La convenuta ha concluso, pertanto, affinché sia dichiarata la prescrizione del diritto e dell’azione e, per l’effetto, rigettata la domanda e perché, comunque, sia respinta la richiesta di condanna, con vittoria di spese e competenze di lite.

3. All’udienza pubblica del 19 settembre 2012, sentito il Giudice relatore, sono intervenuti l’Avv. X. per la convenuta e il Sostituto Procuratore Generale Perin per la Procura Regionale, come da verbale. Entrambe le parti hanno ripercorso gli argomenti già svolti in atti, confermando le rispettive conclusioni.

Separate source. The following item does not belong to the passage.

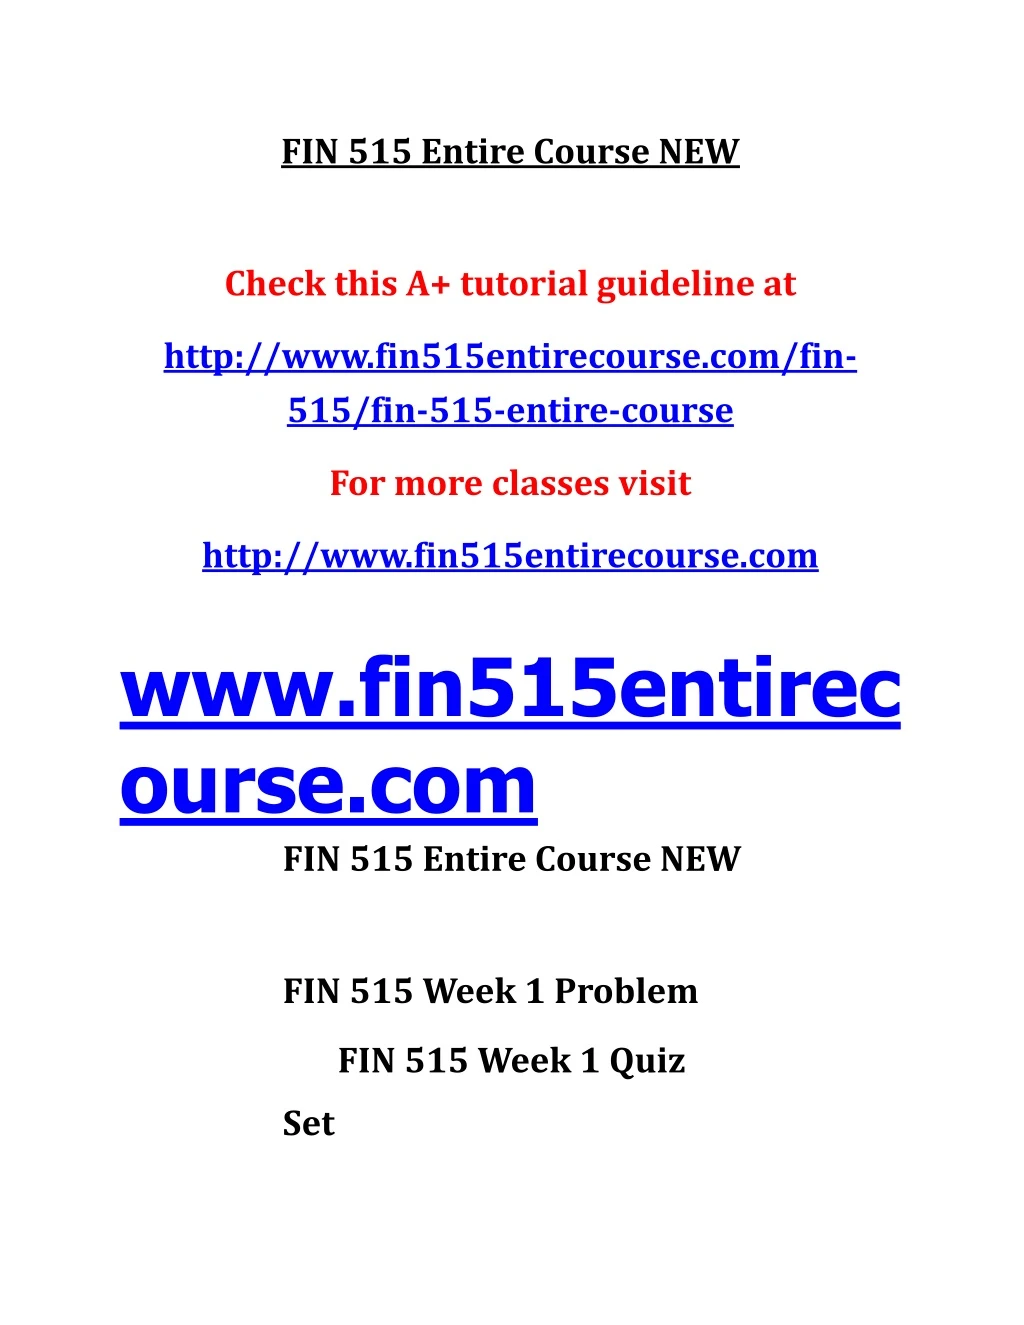 fin 515 entire course new

Così esaurita la discussione orale, la causa è stata trattenuta in decisione.

DIRITTO

L’eccezione di prescrizione (art. 1, comma 2, della legge 14 gennaio 1994, n. 20) è fondata e va accolta.

Invero, il fatto dannoso in contestazione (cioè l’indebito pagamento della borsa di studio in favore di un medico specializzando che versava in situazione di incompatibilità ai sensi dell’art. 40 del decreto legislativo 17 agosto 1999, n. 368) si è verificato tra il 2004 e il giugno 2006. Il primo atto interruttivo della prescrizione si colloca, per contro, alla fine del 2011, cioè a distanza di oltre un quinquennio dalla chiusura del corso di specializzazione e dall’ultimo pagamento della correlata borsa di studio.

Né può ravvisarsi, nella fattispecie, un occultamento doloso del danno, non essendo sufficienti le considerazioni svolte dalla Procura ad integrare una prova, ancorché presuntiva, dell’occultamento e tanto meno del dolo dell’interessata: non constano dichiarazioni false o maliziosamente reticenti rese dell’interessata, né condotte omissive o commissive tali da far ragionevolmente ipotizzare la sussistenza di un intento, in capo all’interessata medesima, di “occultare” all’amministrazione le attività incompatibili (regolarmente fatturate e inserite in dichiarazione dei redditi) o comunque di indurre l’amministrazione stessa in errore sull’esistenza o sulla natura delle attività esercitate al di fuori del corso.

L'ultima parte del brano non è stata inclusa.